これも同じ石材の表面です。赤~小豆色をはじめとして様々な色合いの小さな砂~礫が入っていますが、その周りに浅い事が判る穴が開いています。前の画像でも説明したようにこれも砂や礫が脱落した跡です。似た様な石材は石灰質を帯びた石材に在りますが、この「小室石」の場合は、赤色を含む多色の礫が含まれているのが特徴です。
日光街道に近い石塀は多分この石山から採掘されたのではないかと想像しています。鹿沼市の深岩と云う場所です。石塀は行けば判りますので写真は省きましょう。さて、次回は千葉県野田市の黒板塀の有る場所をご紹介します。チョット一週間くらい間が空くかもしれません。

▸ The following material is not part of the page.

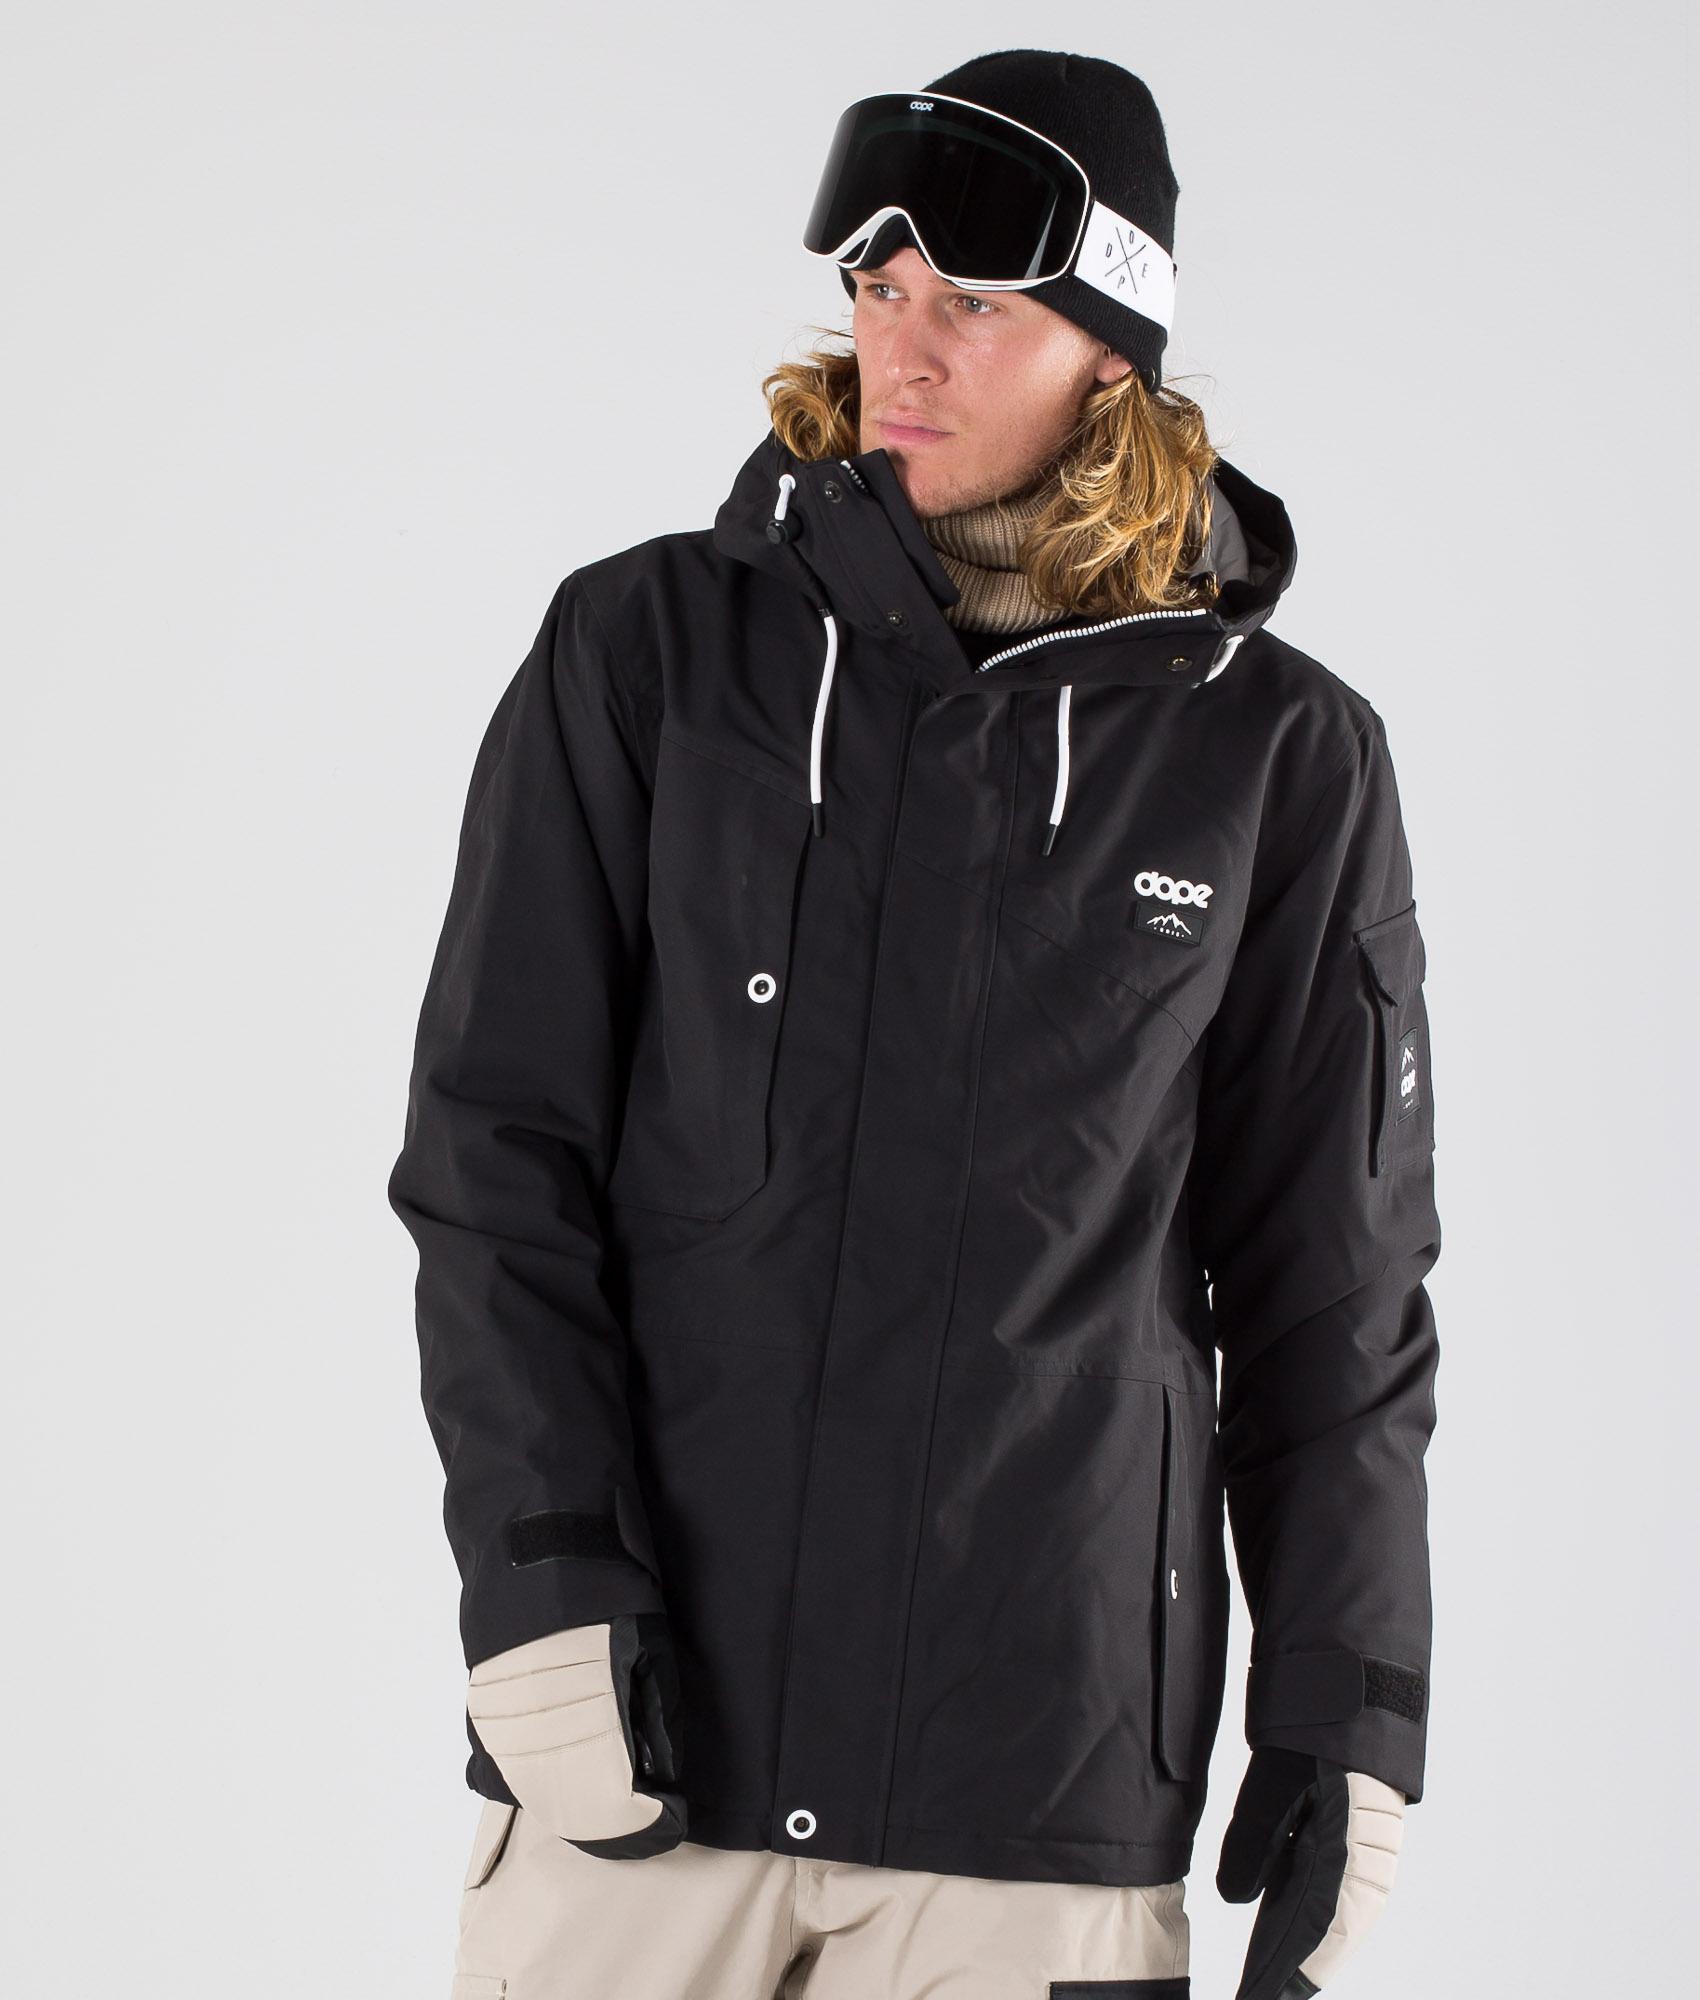 Vestes Snowboard Homme | Livraison Gratuite | RIDESTORE

凝灰岩質石材の旅::No.112224-06:越谷市の伊豆石と赤玉石

 所在地:越谷市中町 8-2:非公開個人宅

国土地理院地図座標:35.892283,139.786423

東武線蒲生駅から徒歩:約 500 m

越谷市郷土研究会のお膝元を訪ねて三回目は、一番駅(東武スカイツリーライン:越谷駅)に近い観察ポイントです。丁度、Y字型の分岐点の両側に低い石垣が積まれており左手は道路沿いに花壇が地域の方々の手で整備されています。この花壇の周囲に置かれた切り石が、伊豆の下田付近から運ばれて来た「伊豆軟石」です。「木下半助商店」さんや「塗師 小泉家」さんで観察された「石灰質砂岩」と少し硬い「含礫緑色凝灰岩」と言う石材が使われています。中には一棟のマンションが建っていますが元々は「有瀧家」の敷地の様です。有瀧家からは有名な植物学者が出ていますので、以前は専用の植物園も有ったと聞きます。右手に延びる黒板塀に沿って歩くと旧日光街道との交差点の手前に有瀧家のご自宅があります。右手の道路沿いに赤い点を置いているのは、外からは見えないけれど、この黒板塀の礎石の部分には伊豆の石材が使われているからです。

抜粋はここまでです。